Q7. What is your current status with the Japanese karate leaders such as Yahara sensei, Asai sensei and Abe sensei?

As you know, the politics in Japan during my stay were volatile to say the least but that's a whole other article. However, I have to say I found that probably the most deeply disappointing discovery of my life was finding out the extent of the pettiness and insecurity of some of the JKA instructors.

Until the end of '90 I had a superb relationship with all of them and suddenly I was expected to choose one over another. Having lived in England, New York and then Japan I had the luxury of being close to several great ones but conversely could not claim to be THE student of any one of them.

Therefore, unlike almost everyone in Tokyo, I was obliged to make a painful choice and could not justify it by simply having a history with one particular instructor. I still feel the resentment of having to make that choice.

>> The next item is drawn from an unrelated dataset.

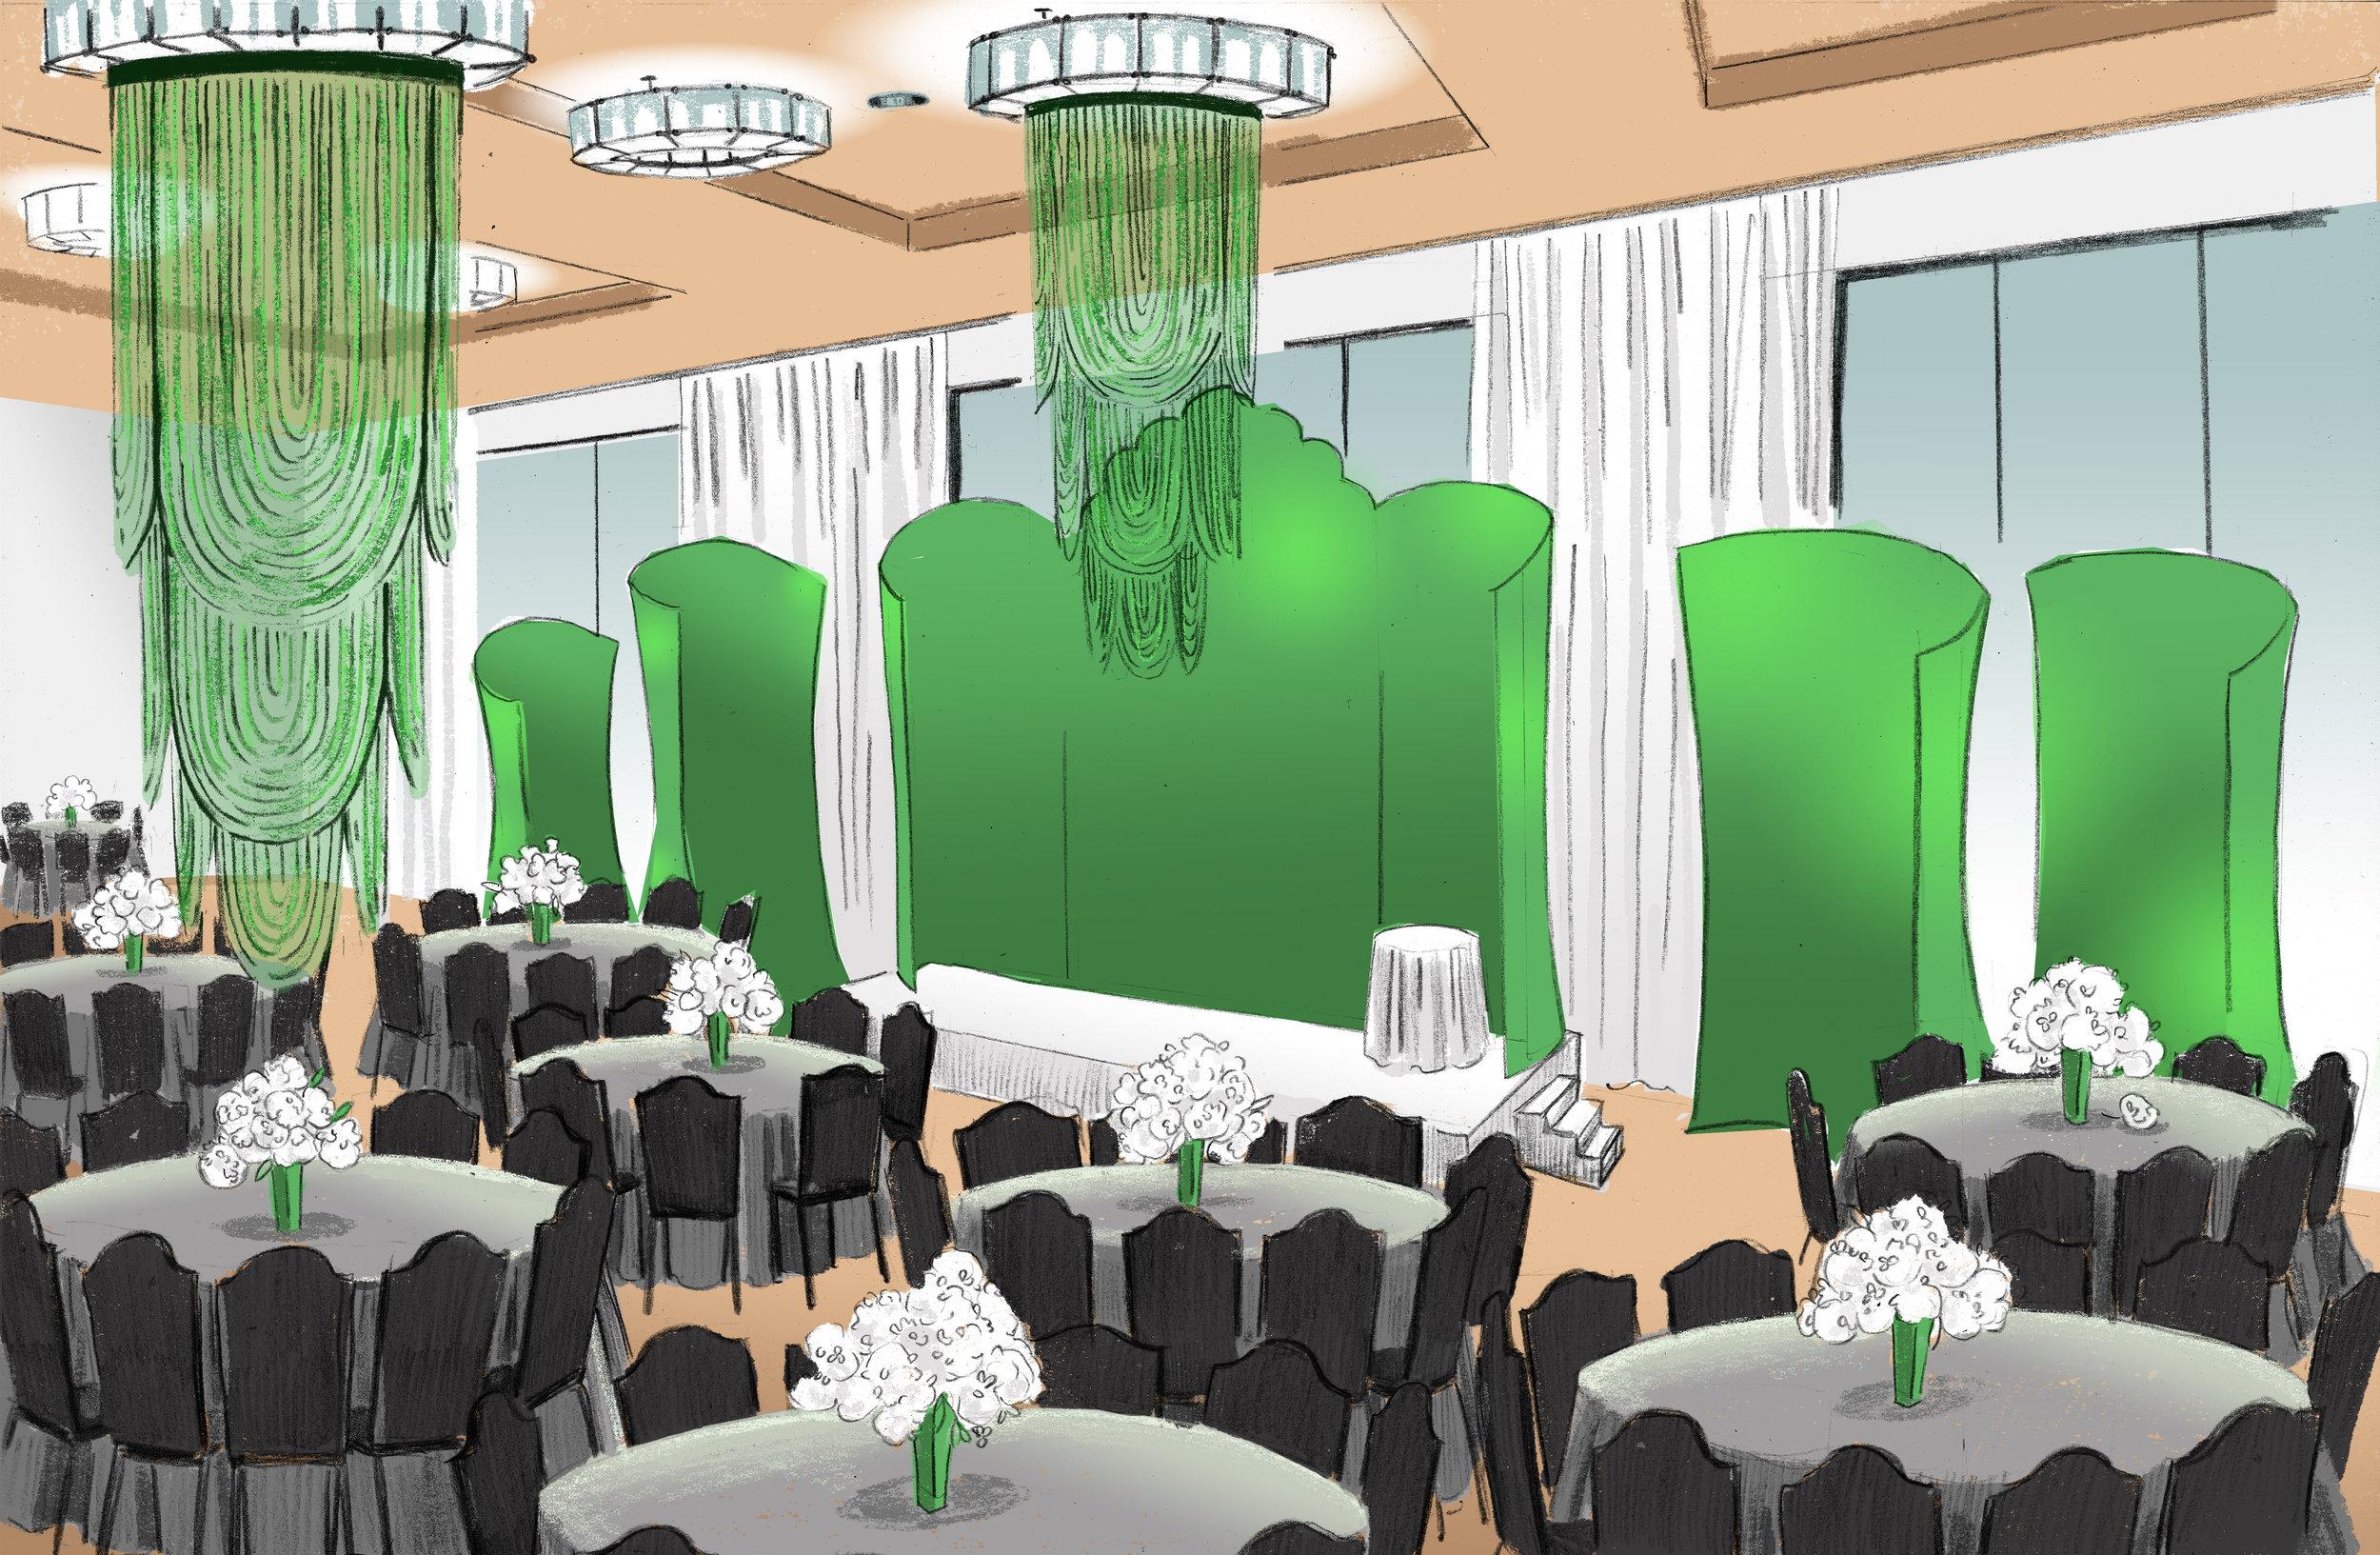 Ballroom_300dpi_Abigail McCoy.jpg

Hopefully we can all learn from past experiences and last year I found myself in a very similar predicament when, after the JKA court case was pursued no longer and went in favor of the Nakahara group, Asai sensei, Abe sensei and Yahara sensei split and I was pressurized into choosing once again.

Living abroad made it easier for me to take a step back and try to maintain a certain neutrality or involved detachment. It's not easy; I regularly make diplomatic phone calls to them all, but for the time being I would rather not burn any bridges than align myself strongly with one over the other. This way I hope to be able to practice my apolitical principles and introduce these instructors to all my friends in the karate world and help everyone continue to learn and establish new relationships.